• [INSTRUCTIONS TO FOLLOW]:
Look through the entries below and copy exactly the part that begins with the line containing "Custom tshirt design" and ends with the line containing "VALUE VRDDF - Recovery". Do not copy the pictures.

• [DATASET EXCERPTS]:
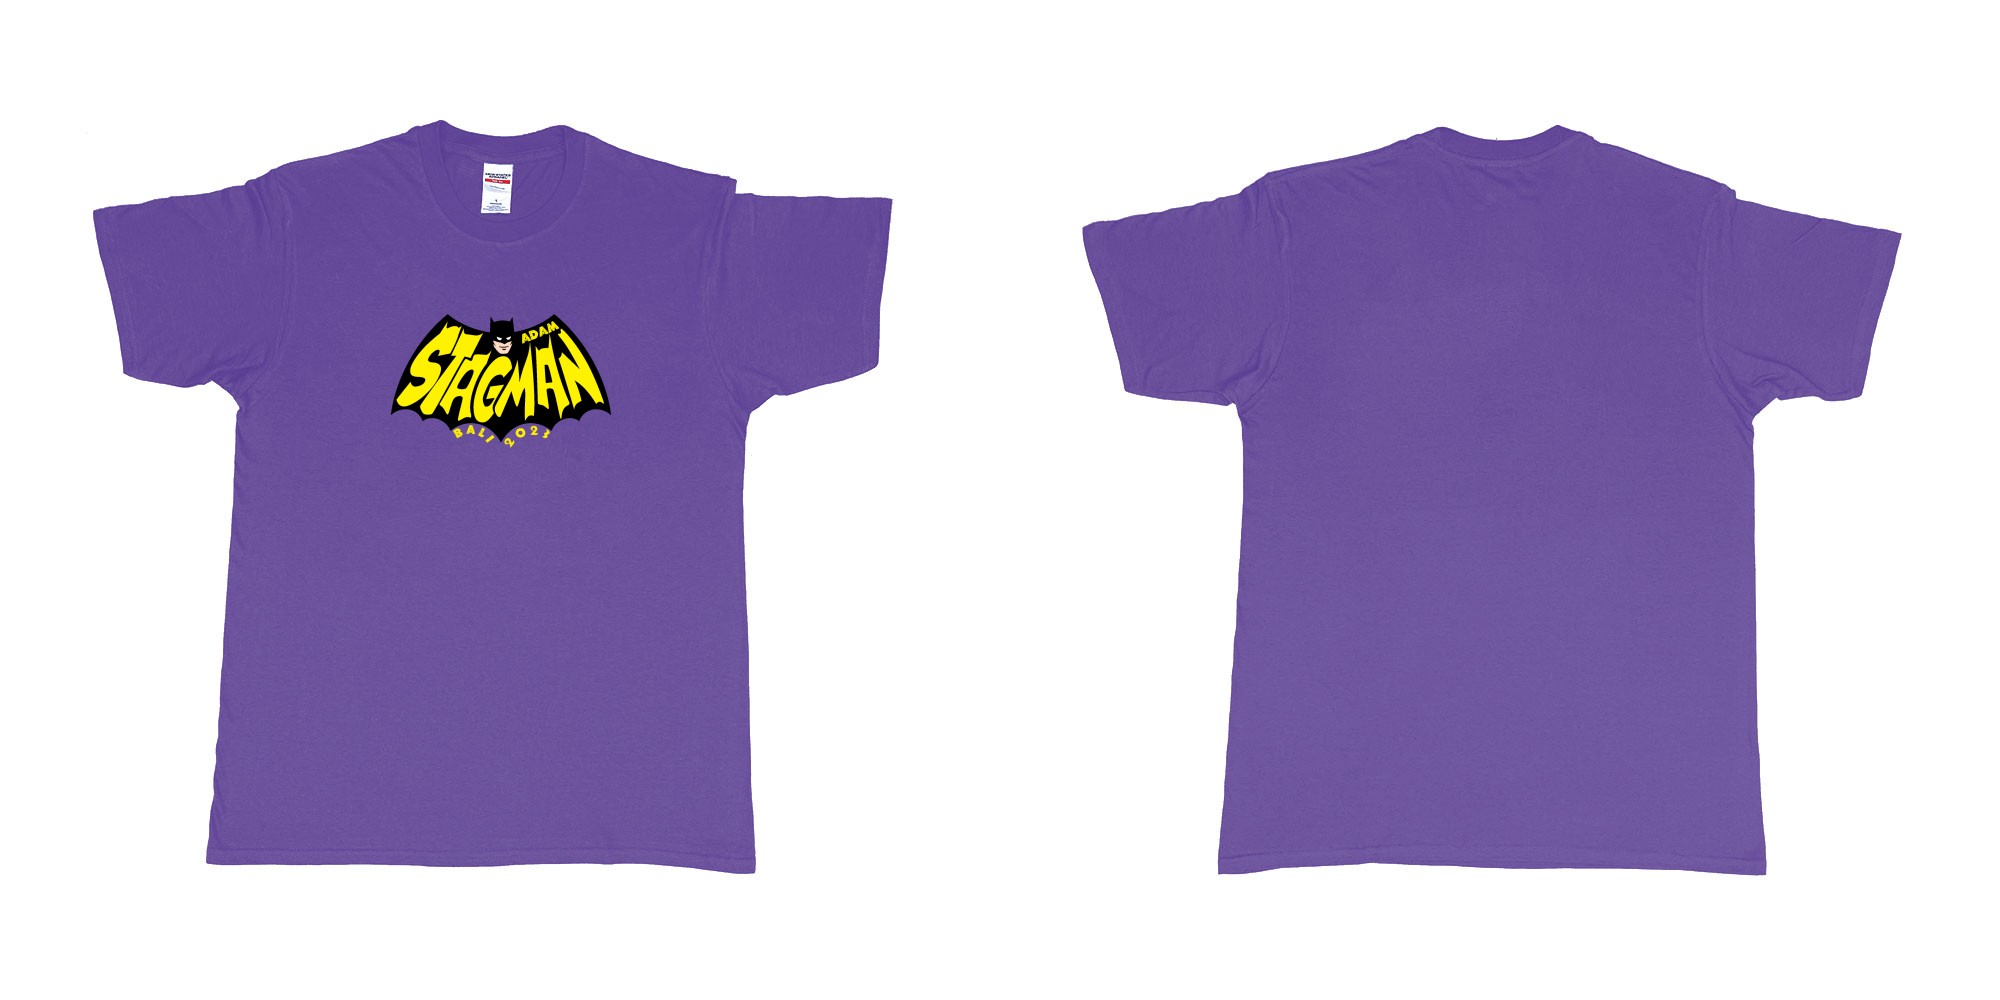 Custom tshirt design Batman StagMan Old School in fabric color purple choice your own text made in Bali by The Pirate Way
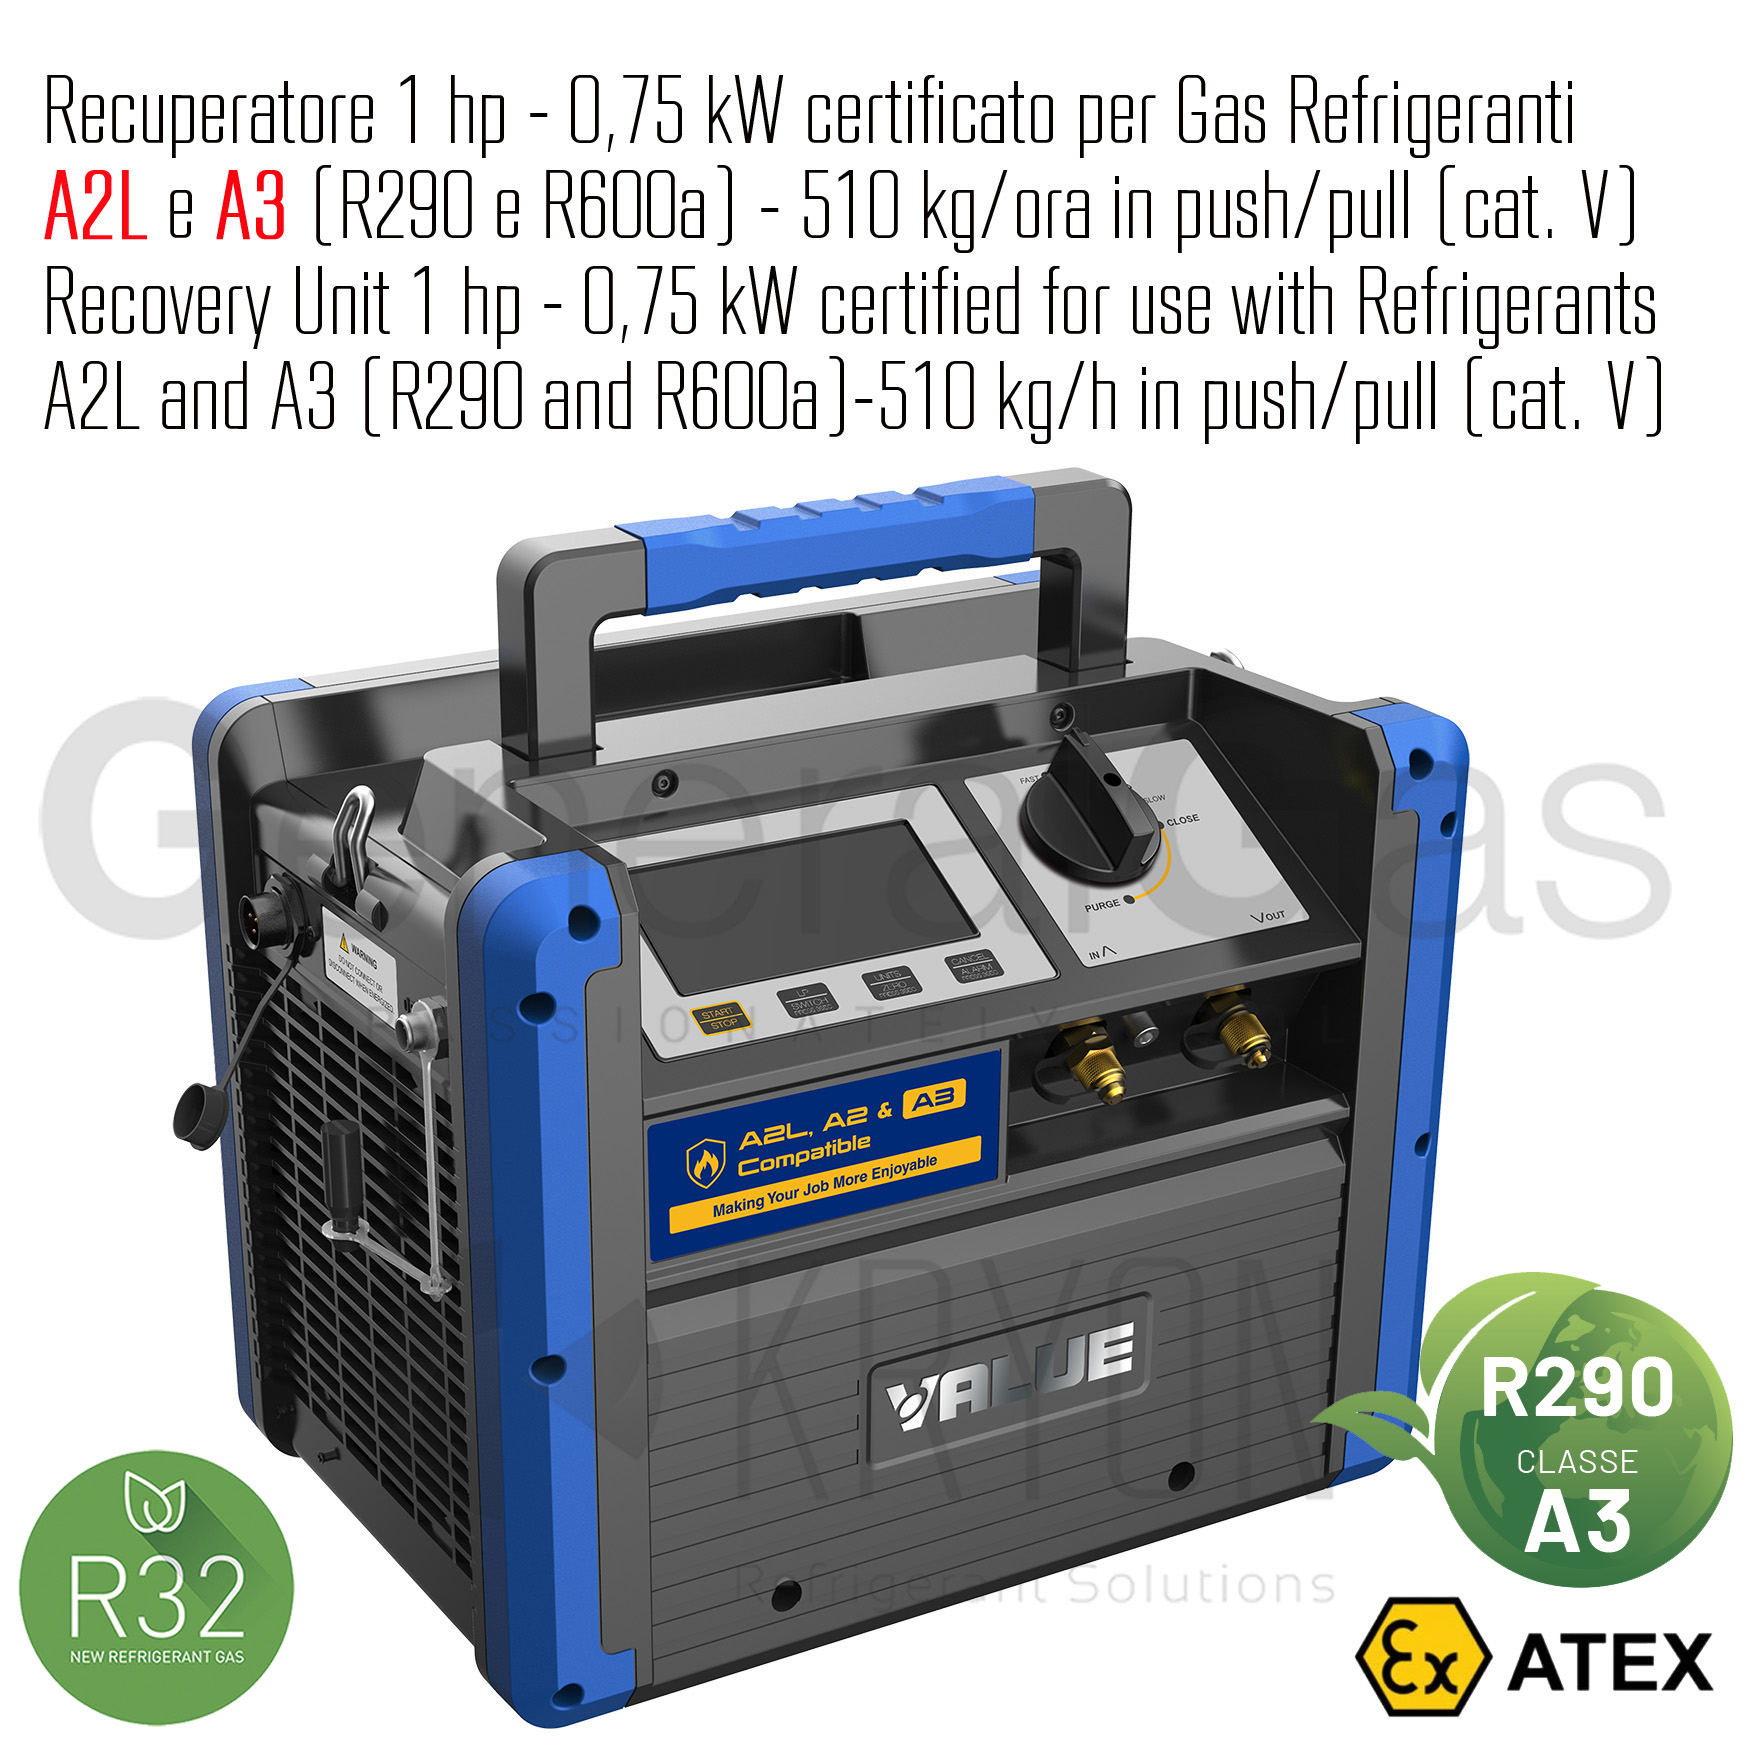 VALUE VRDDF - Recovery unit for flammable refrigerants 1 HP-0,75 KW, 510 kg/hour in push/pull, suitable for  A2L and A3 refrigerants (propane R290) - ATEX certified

---

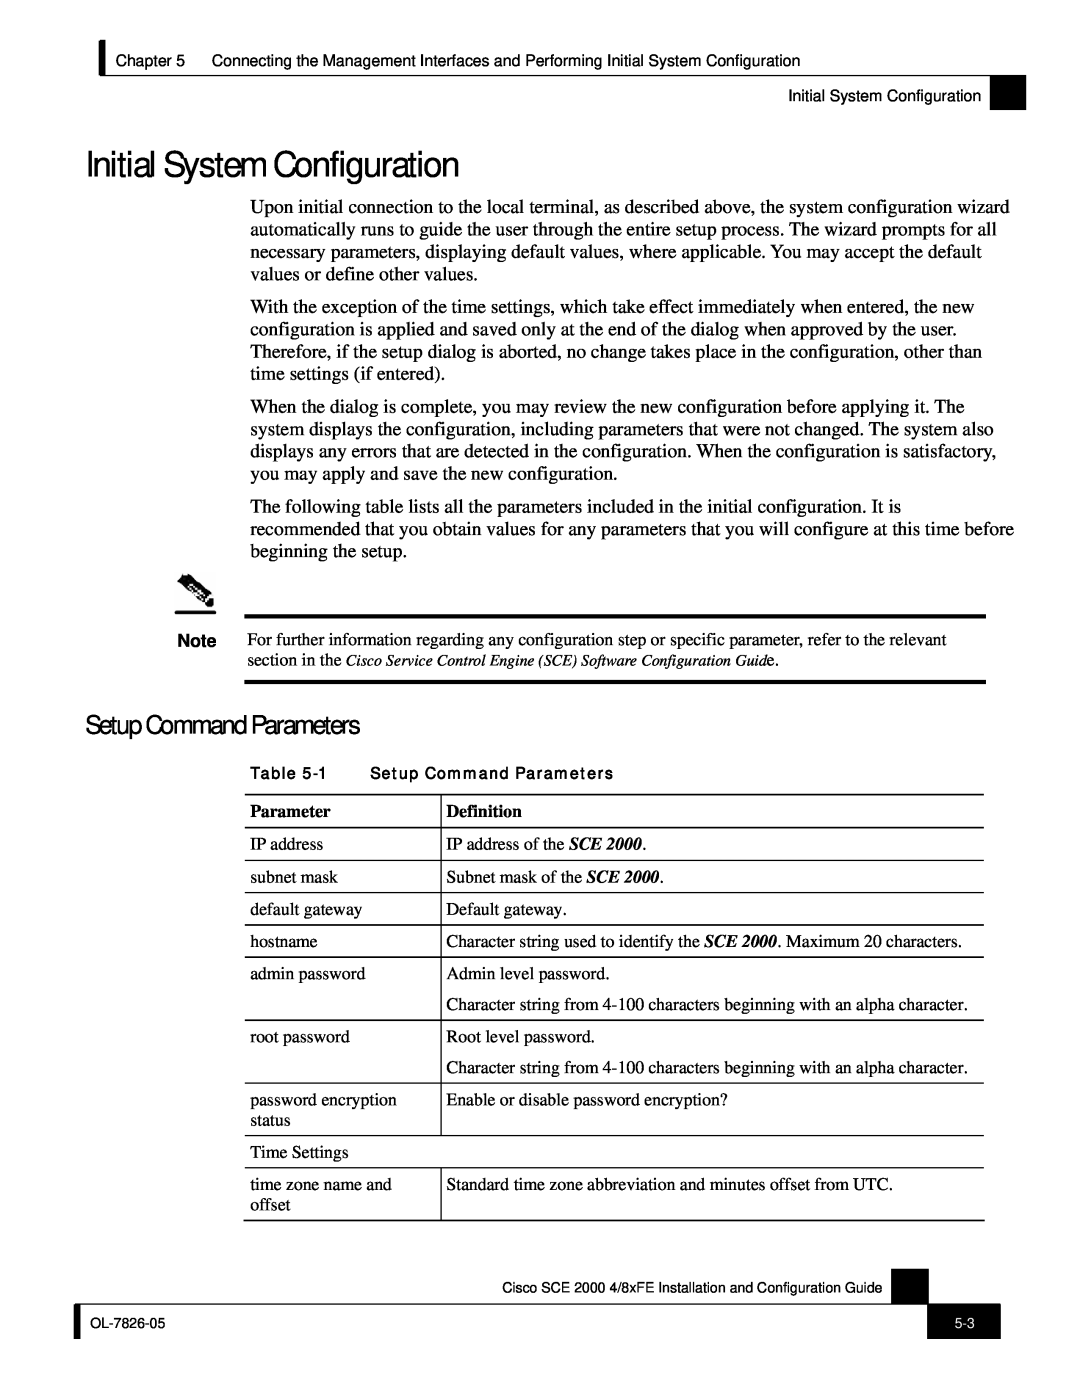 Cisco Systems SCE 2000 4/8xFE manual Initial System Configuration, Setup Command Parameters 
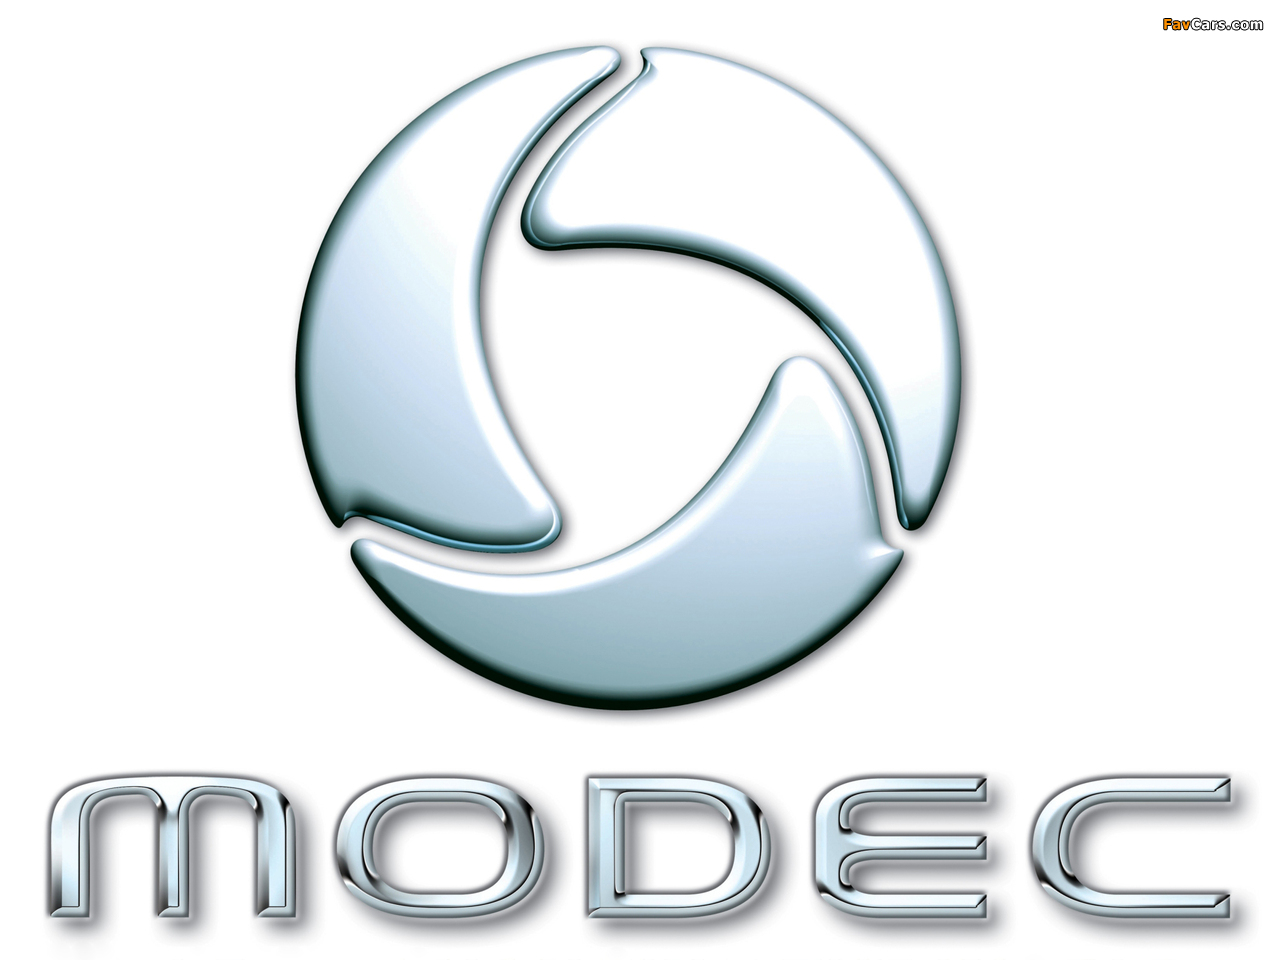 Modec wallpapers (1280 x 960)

• [EXERCISE RESULT]:
 Custom tshirt design Batman StagMan Old School in fabric color purple choice your own text made in Bali by The Pirate Way
 VALUE VRDDF - Recovery unit for flammable refrigerants 1 HP-0,75 KW, 510 kg/hour in push/pull, suitable for  A2L and A3 refrigerants (propane R290) - ATEX certified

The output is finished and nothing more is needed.